• What is needed: Restate the data exactly as given and keep the pictures out.

• Material provided:

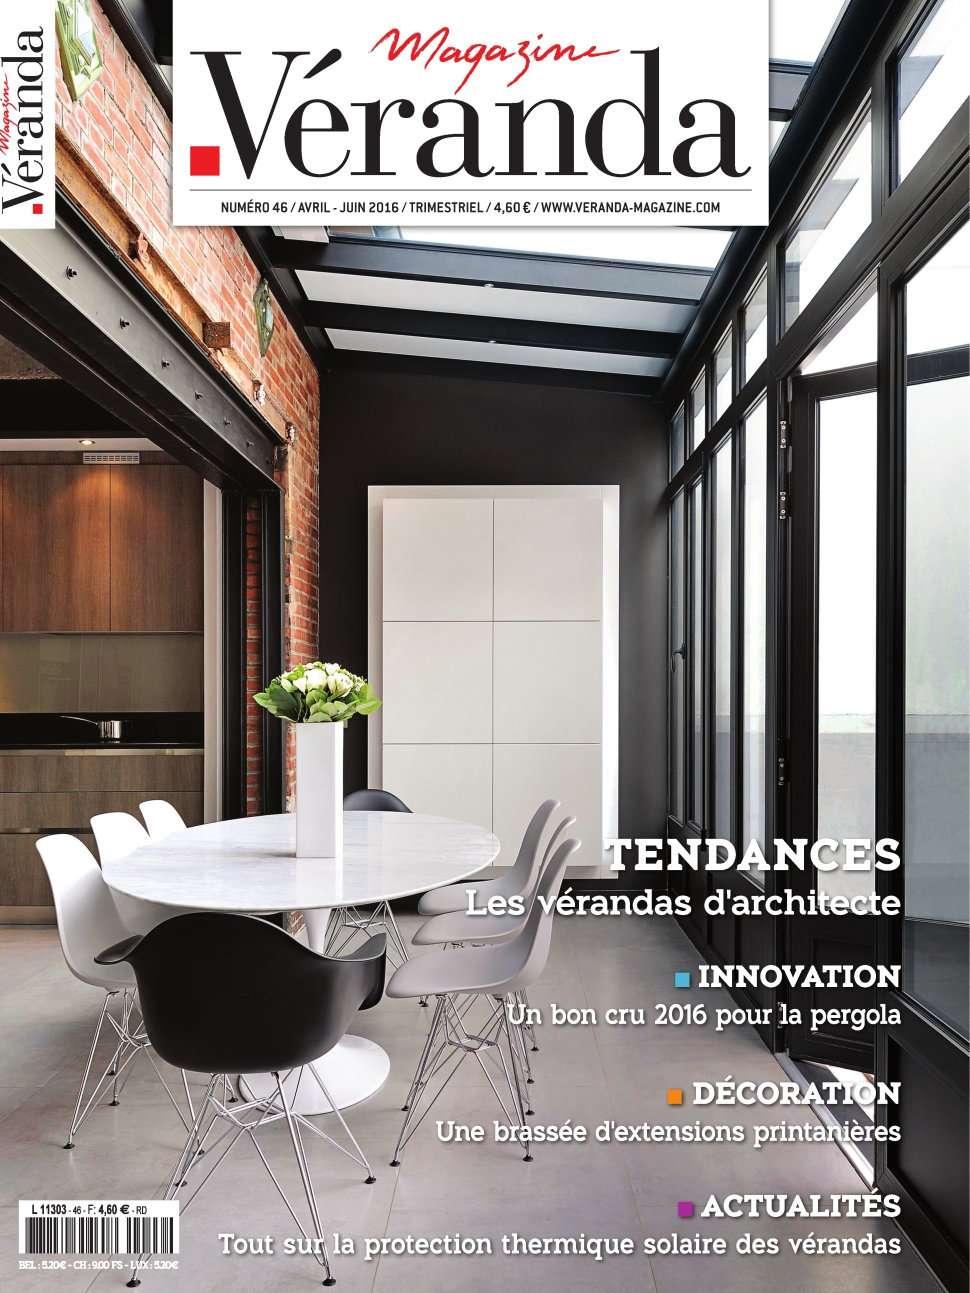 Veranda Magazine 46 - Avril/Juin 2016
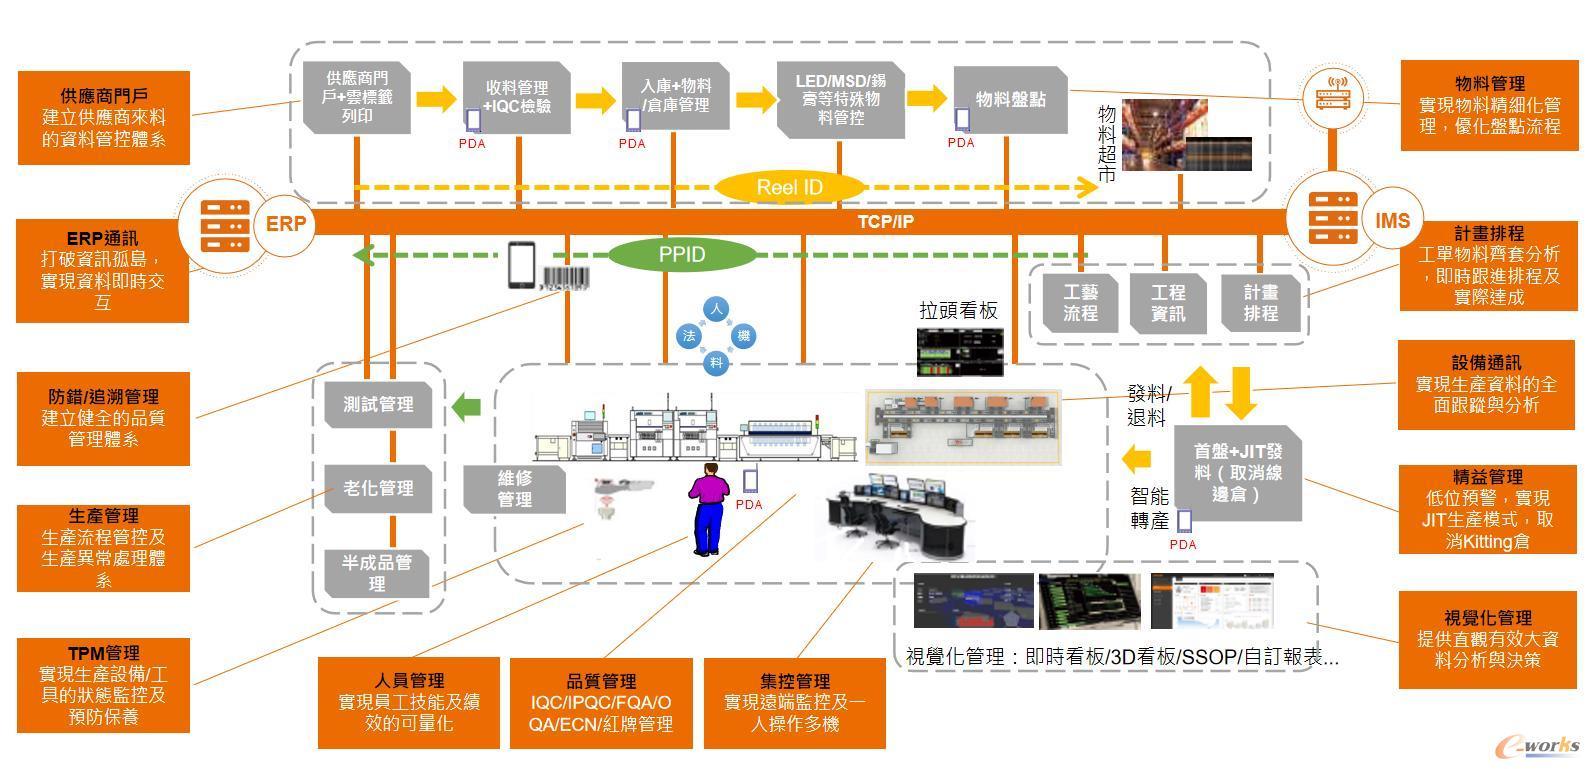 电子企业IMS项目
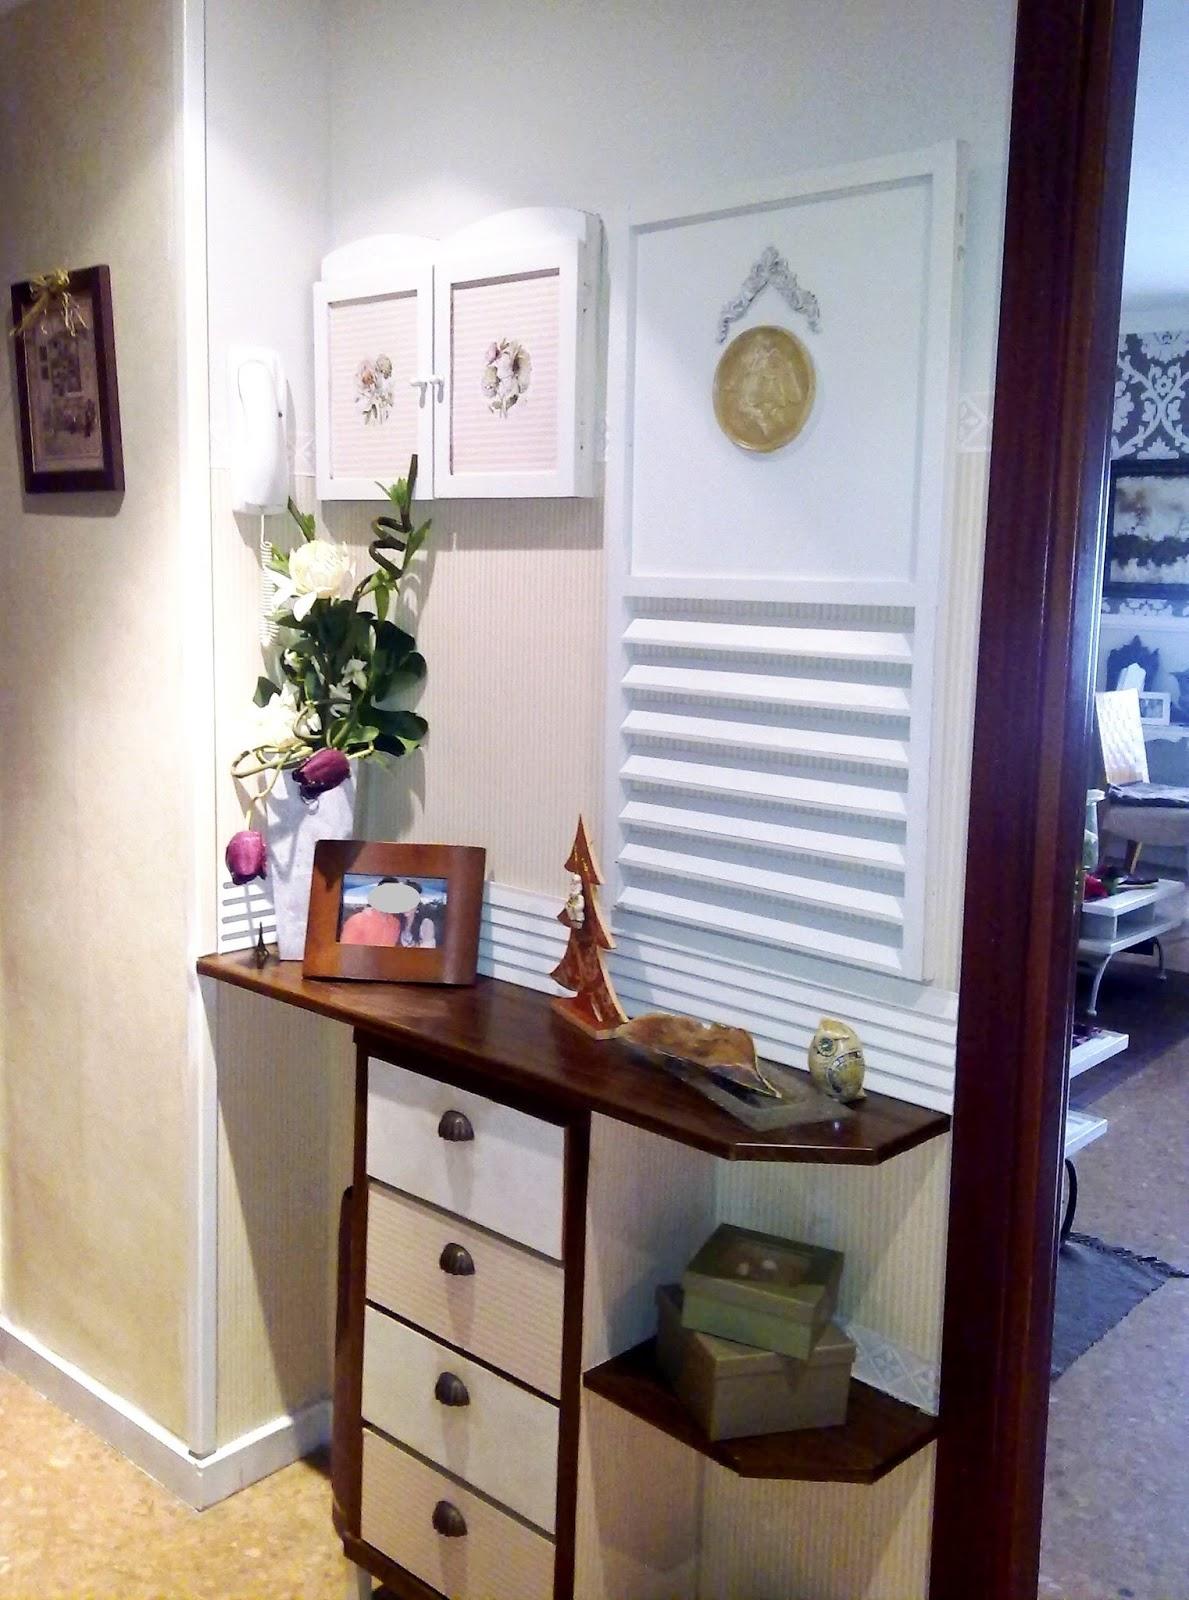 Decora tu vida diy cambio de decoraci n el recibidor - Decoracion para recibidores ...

• Your solution:
 Veranda Magazine 46 - Avril/Juin 2016
 电子企业IMS项目
 Decora tu vida diy cambio de decoraci n el recibidor - Decoracion para recibidores ...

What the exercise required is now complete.